But Mississippi’s law, which bans abortions after 15 weeks of pregnancy and therefore before the fetus is viable, is patently incompatible with both Roe and Casey. Under Casey, states can only burden, not ban, access to abortions up until about 24 weeks of pregnancy.
So what, after decades of constitutional protections, has changed? It’s not the majority attitude toward abortion, which continues to favor at least partial abortion rights. Instead, the composition of the court has changed. This is the most conservative court we have seen in almost a century, with a solid six-member conservative wing.
It is a safe bet that if the Texas law originally at issue in Roe came before this current Supreme Court, the justices would not have protected a woman’s right to choose. But the current court isn’t looking at the original law; it must consider what to do now, given more than 40 years of Supreme Court case law protecting abortion rights.
Under the doctrine of stare decisis, the court is supposed to respect its past decisions unless they are clearly wrong or unworkable. The idea is that people should be able to rely on these decisions, and hence predict future precedent. Stare decisis also helps support the idea of judicial integrity and independence; we are more likely to respect judicial decisions if they are built on more than the personal views of the current majority. This is part of the reason that in virtually every Supreme Court confirmation hearing, the nominee must pledge that they support the doctrine of stare decisis and, as Justice Brett Kavanaugh stated, understand that Roe is “settled law.” Meanwhile, behind this strange obligatory performance, we all know Roe will no longer be settled if five members of the court upend it.

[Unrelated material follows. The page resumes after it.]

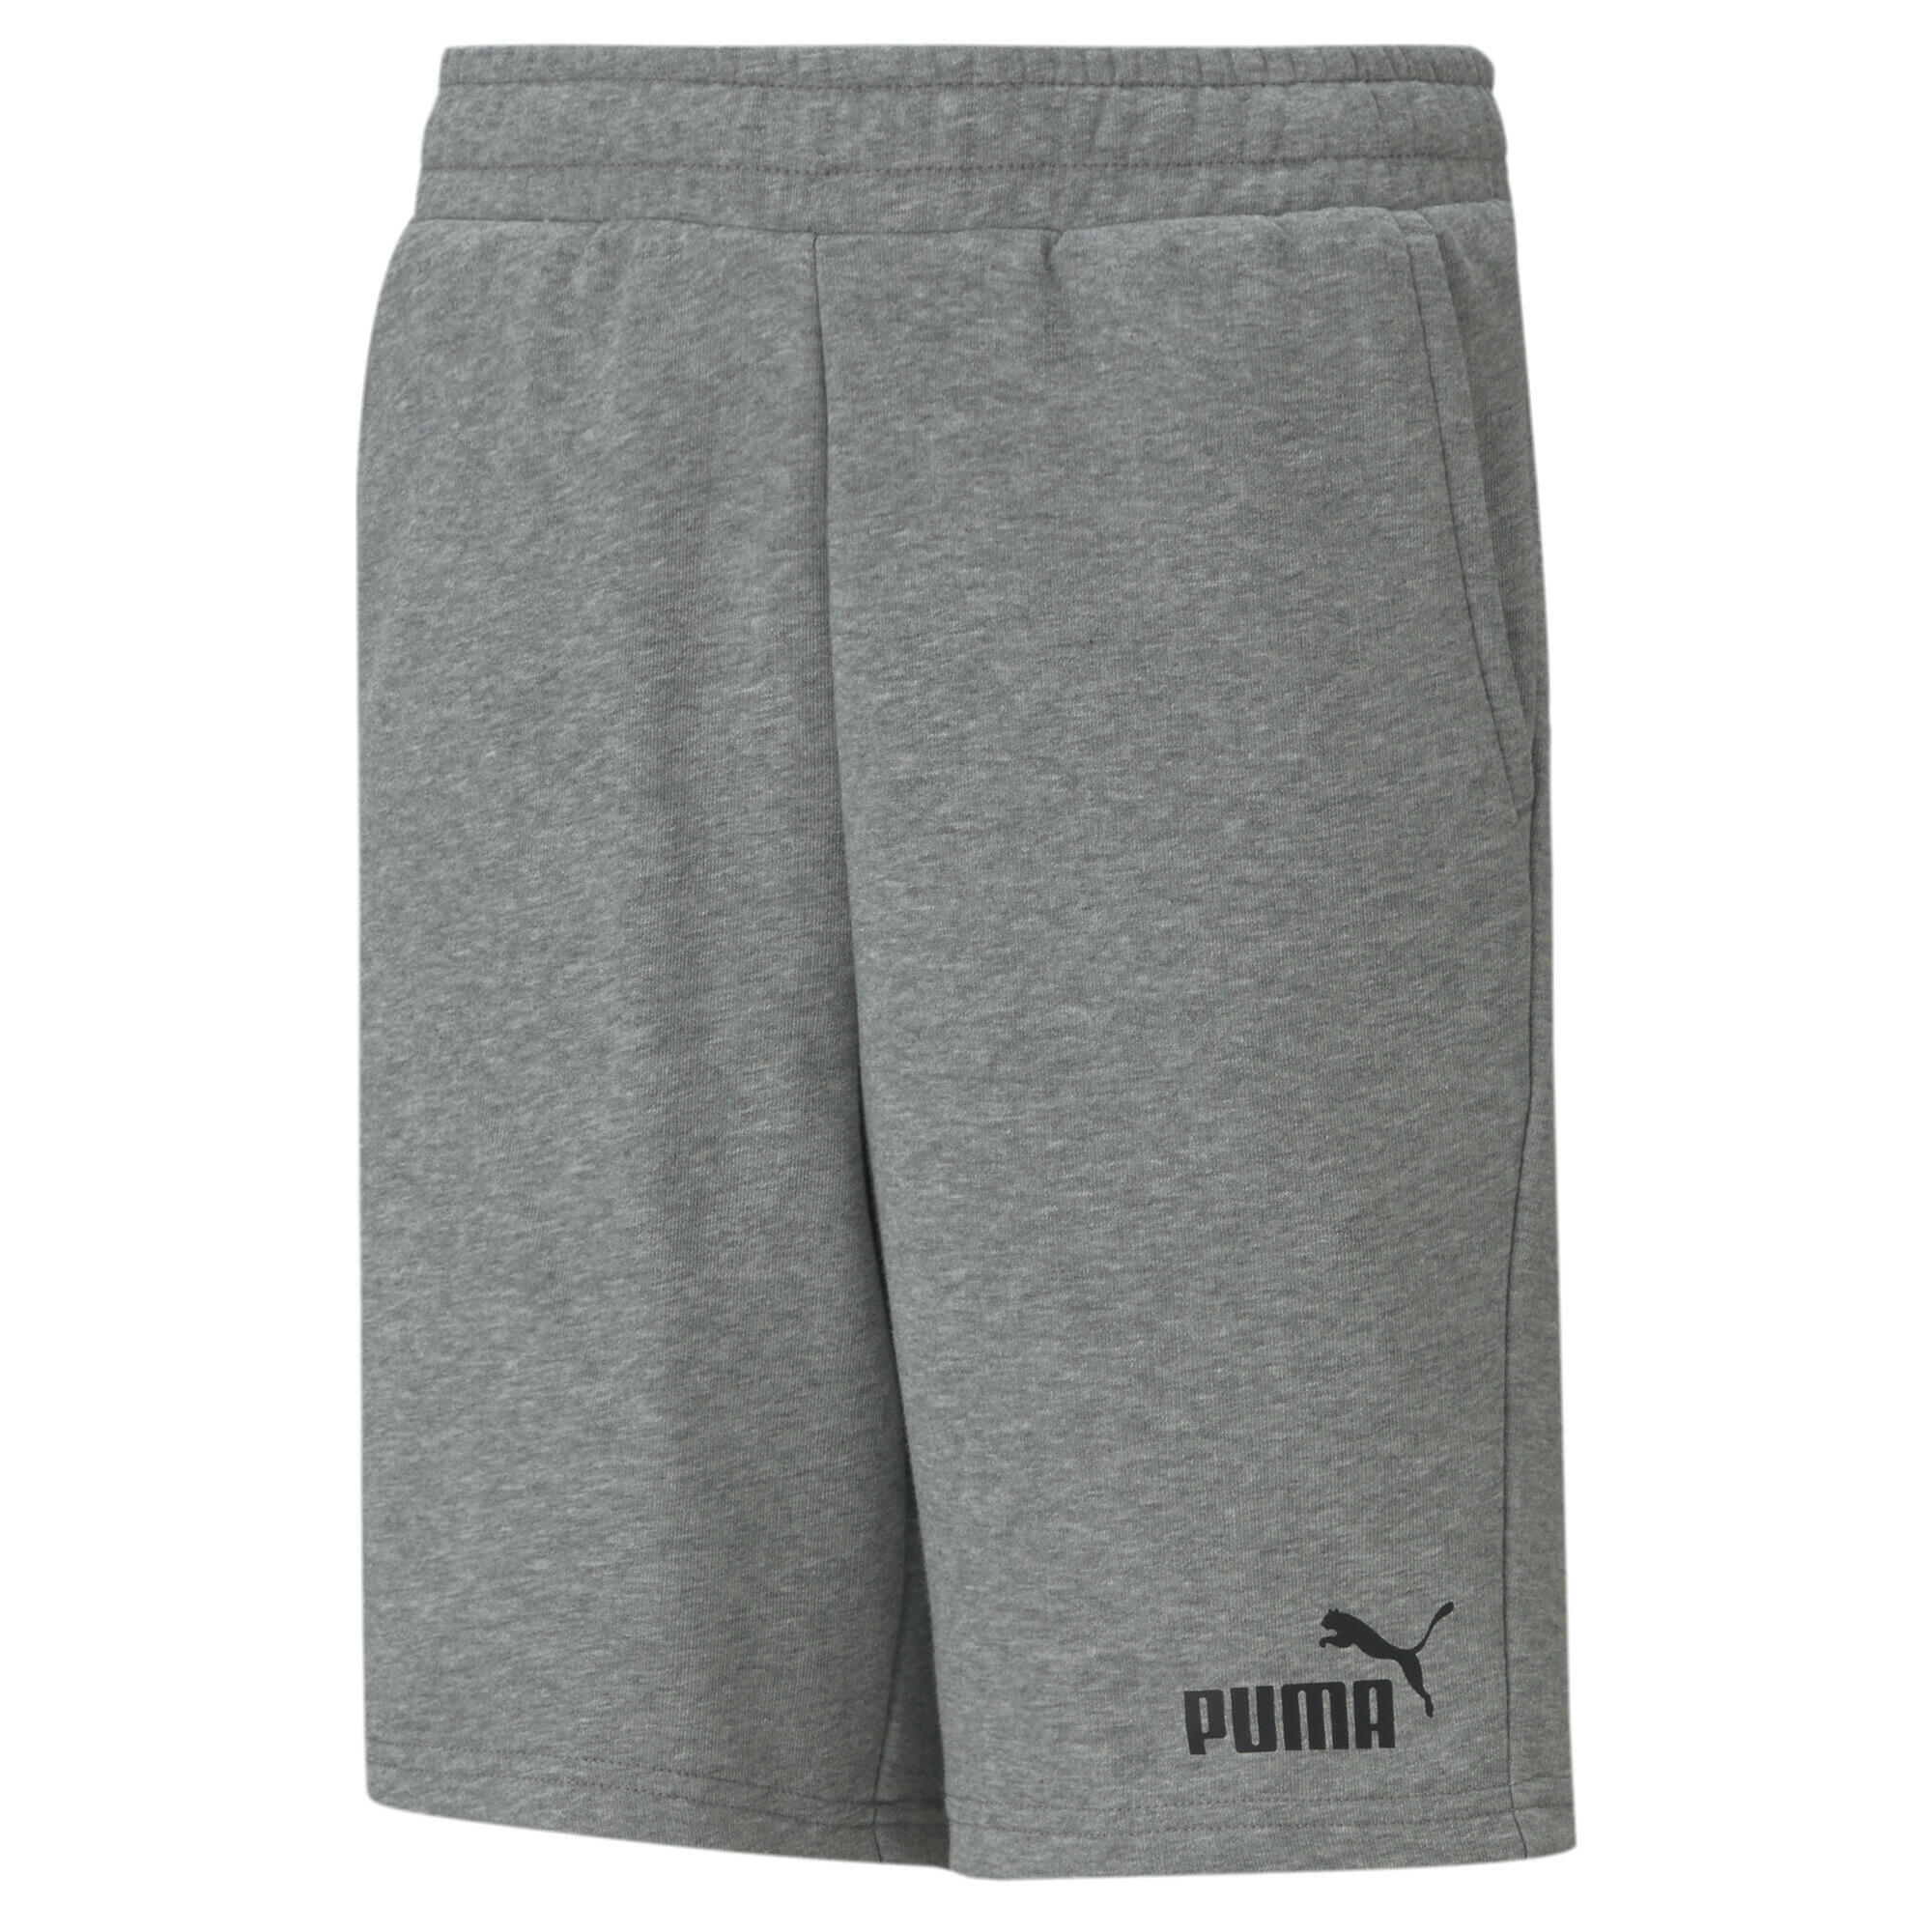 Мужские шорты Puma Essential, cерый

If the court didn’t want to whittle away reproductive rights, there would be little point in it agreeing to hear the challenge to Mississippi’s law in the first place. But at least four members of the court voted to take this case. And it is reasonable to assume those four (or more) thought there were at least one or two other judges willing to tinker with a woman’s right to choose.
Here are the most likely scenarios. The court could decide once again to respect the “essential holding of Roe,” uphold Americans’ constitutionally protected right to obtain an abortion, but decide that right is much narrower than we previously thought. This outcome could allow states to enact very strict bans like Mississippi’s law. Or the court could simply decide Roe was wrongly decided and the Constitution does not protect a woman’s right to choose. This would bring us back to pre-Roe days, and states would decide for themselves whether to allow abortions or ban them completely. The court could also decide the law violates the current Roe and Casey framework and strike it down, in effect acknowledging it shouldn’t have taken the case at all.
We will likely know which route the court takes by the end of June 2022.